Five of the defendants—Maroun Saade, Walid Nasr, Francis Sourou Ahissou, Cornielle Dato, and Martin Raouf Bouraima—were arrested in Monrovia, Liberia, last week and are in the custody of the United States. The remaining two defendants—Alwar Pouryan and Oded Orbach—were arrested in Bucharest, Romania, and are awaiting extradition to the United States. All of the defendants were charged in an indictment except Orbach, who was charged in a complaint.
The indictment charges the defendants were part of a narco-terrorism conspiracy that involved moving significant quantities of Taliban-owned heroin through West Africa. Ultimately, it would be sold for profit to customers in the United States, Canada, and Europe. In addition, Saade and Pouryan, who are Americans citizens, are charged with attempting to sell surface-to-air missiles (SAMs) and other lethal weapons to the Taliban. Those weapons were to be used to defend Taliban-run heroin laboratories against a U.S. attack in Afghanistan.

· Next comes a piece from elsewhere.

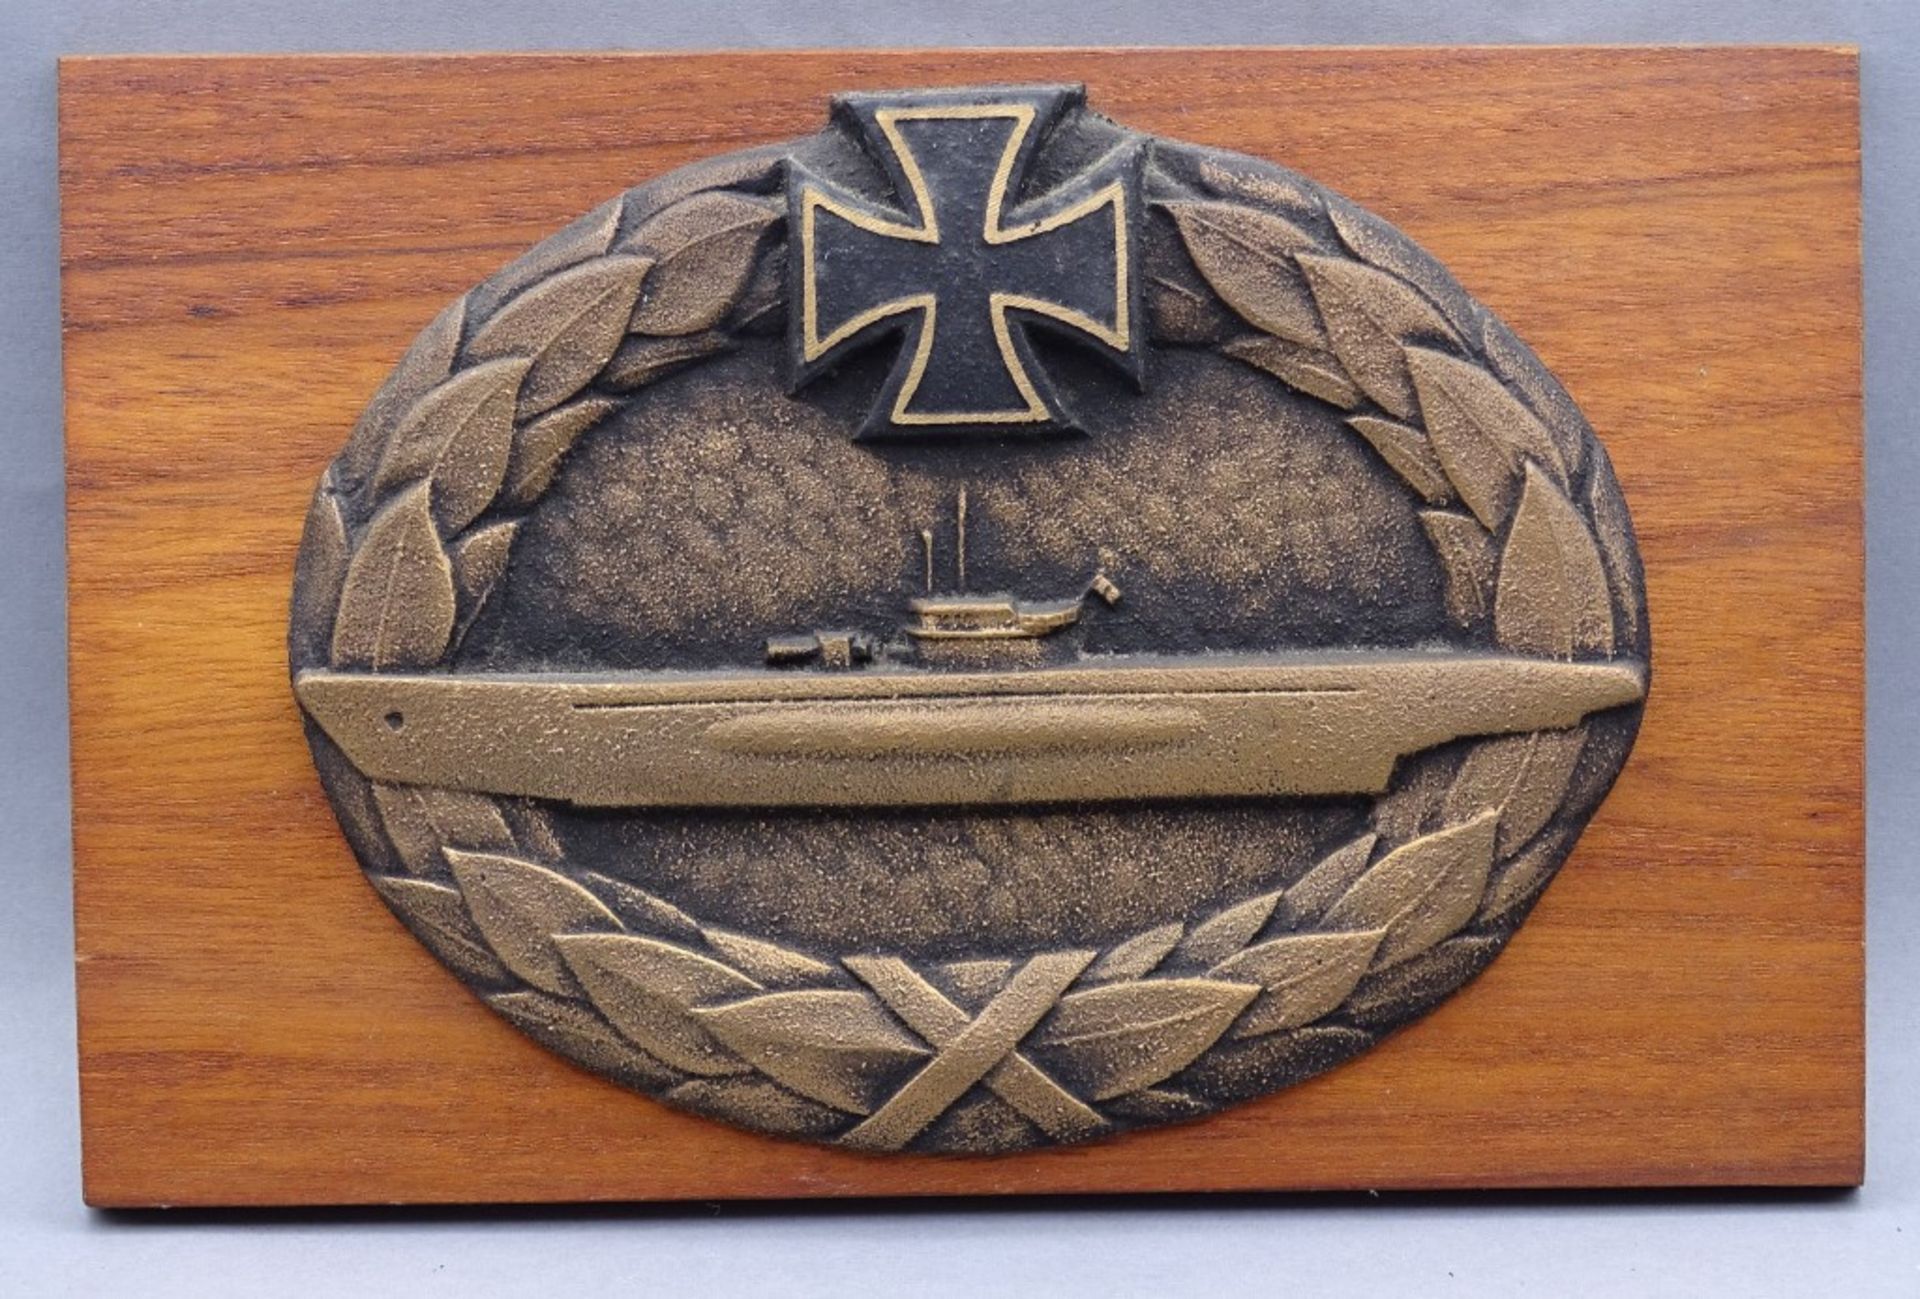 Bronze-Plakette mit U-Boot und Deutschen Kreuz auf Holz, 14x22 cm

During meetings with Drug Enforcement Agency informants last summer in the West African countries of Benin and Ghana, defendants Saade, Nasr, Dato, and Bouraima agreed to receive and store several tons of Taliban-owned heroin in Benin, then they arranged to transport it to Ghana for shipment to America. In meetings with DEA confidential sources posing as Taliban members last October in Ghana, Ukraine, and Romania, Saade, Pouryan, and Orbach agreed to sell weapons, including SAMs, anti-tank missiles, grenade launchers, AK-47s, and M-16s, to the Taliban for use against the United States. Pouryan was described in one of the meetings by Saade as weapons trafficker with ties to the Lebanese terrorist group Hizballah.
Manhattan U.S. Attorney Preet Bharara showcased the arrests as an example of the growing nexus between international terrorist groups and criminal networks. "This alleged effort to arm and enrich the Taliban is the latest example of the dangers of an inter-connected world in which terrorists and drug runners can link up across continents to harm Americans," Bharara said.